I gave birth to a beautiful 7 lb girl two weeks ago. I wanted a natural delivery, and my midwife suggested the “hypnobirthing” method of dealing with pain. The method is all about breathing. One is supposed to be able to put oneself into a state of deep relaxation though breathing exercises. My hypnobirthing book said that, with practice, many hypnobirthing mothers can put themselves quickly into such a state of relaxation that contractions feel like nothing more than “tightening” and that the final stages of labor and pushing feel like nothing more than “pressure.” The book states that women feel pain in labor because we’re told it’s painful, so we get anxious about it and feel more pain because of our anxiety. It says animals give birth without any painful yelping because they trust their bodies to complete the natural process of birthing.

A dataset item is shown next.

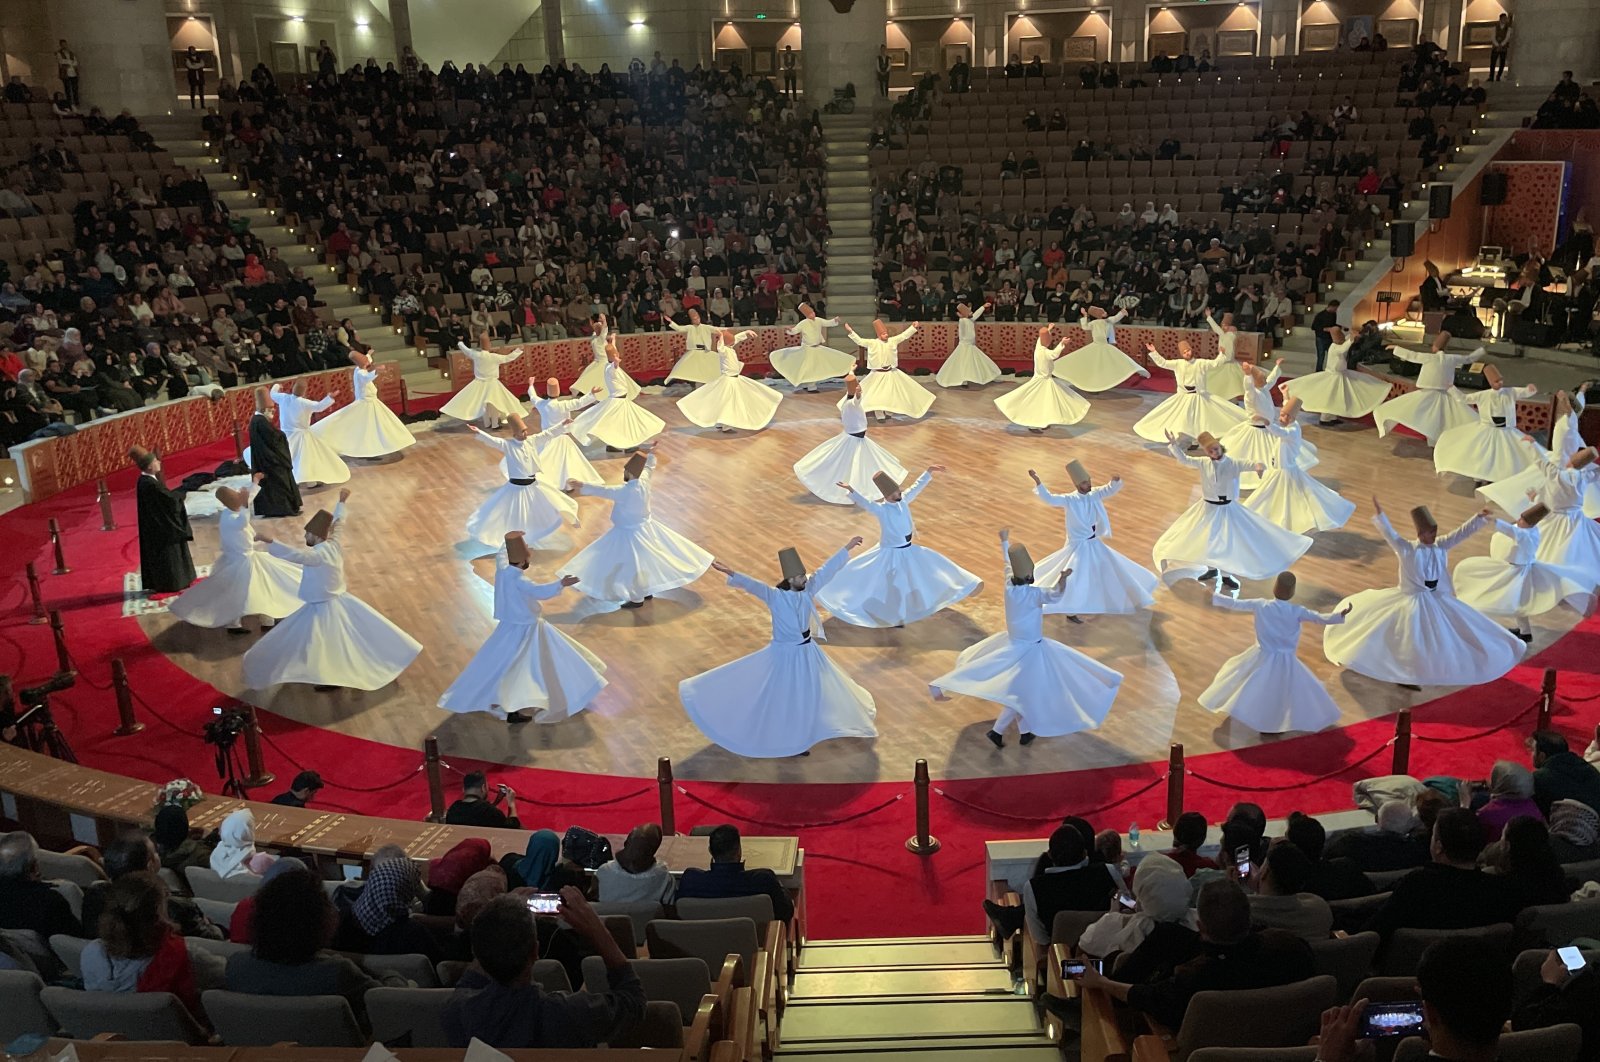 Rumi's legacy draws visitors to Türkiye on his death anniversary

I found some value in the hypnobirthing method, but during labor I definitely felt more than “tightening” and “pressure.” There was pain. While I didn’t practice the self-hypnosis techniques as much as the book directed, I seriously doubt that any mind-over-matter practice could completely mitigate the pain of labor. And do animals really feel no pain in birthing their babies? I don’t know. Most animals aren’t fitting a 13 inch head through a 10 cm (~4 in) cervix, so maybe it doesn’t hurt them as much. But I bet they still feel some pain.
Pain has an obvious function in life – it saves us from injury because we instinctively recoil from harmful things that cause pain. Pain makes us slow down and rest when we’re sick and teaches us to avoid our fingers when driving in a nail. Pain is also a problem, as C.S. Lewis observed. The existence of pain in a world created by a good and almighty God is a perennial dilemma. The existence of pain is just perennial. Even Jesus, we’re told, was a man of sorrows, and acquainted with grief. So no one can avoid pain, but at least it sometimes has a purpose.
I once heard a woman say that if she ever gets to create a world, there won’t be any pain in childbirth on it. It may be possible for the body to function well without pain receptors in the places affected by birthing, but I’d bet those pain receptors have some useful function, or else they’d be lost through natural selection. So it’s probably not possible to give birth without pain. I see labor as a very purposeful kind of pain. How would I know when it’s time to summon help and find a safe place to give birth without feeling contractions? How would I know when to push without intense (i.e. painful) pressure? As it turned out, my contractions weren’t all that intense until after my water broke, and if I hadn’t taken my water breaking as a signal to get to the hospital ASAP, I probably would have had my baby at home (my daughter was born just an hour and a half after my water broke). I didn’t fear pain in labor because I knew it was purposeful, that it would end, and that generations of my foremothers had gotten through it before. I can’t imagine a world in which birth is pain-free, or where growing and creating new things doesn’t come at the cost of some discomfort.
Not all pain is clearly purposeful, however. Some physical pain, and grief, it’s close cousin, may have no meaning except what we give them. I don’t embrace those kinds of pain, but I do expect them. I think the purpose of life is to learn to respond well to them. Regarding the pain of labor and delivery, I hardly reveled in it, but I am grateful to be acquainted with it. My sweet baby couldn’t have come without it.
(As a postscript, I want to say that while natural delivery worked for me, I know all mothers go through pains in bringing new life into the world. It’s no cakewalk even with an epidural. From what my sister tells me about recovering from a C-section, that sounds a lot worse than labor.)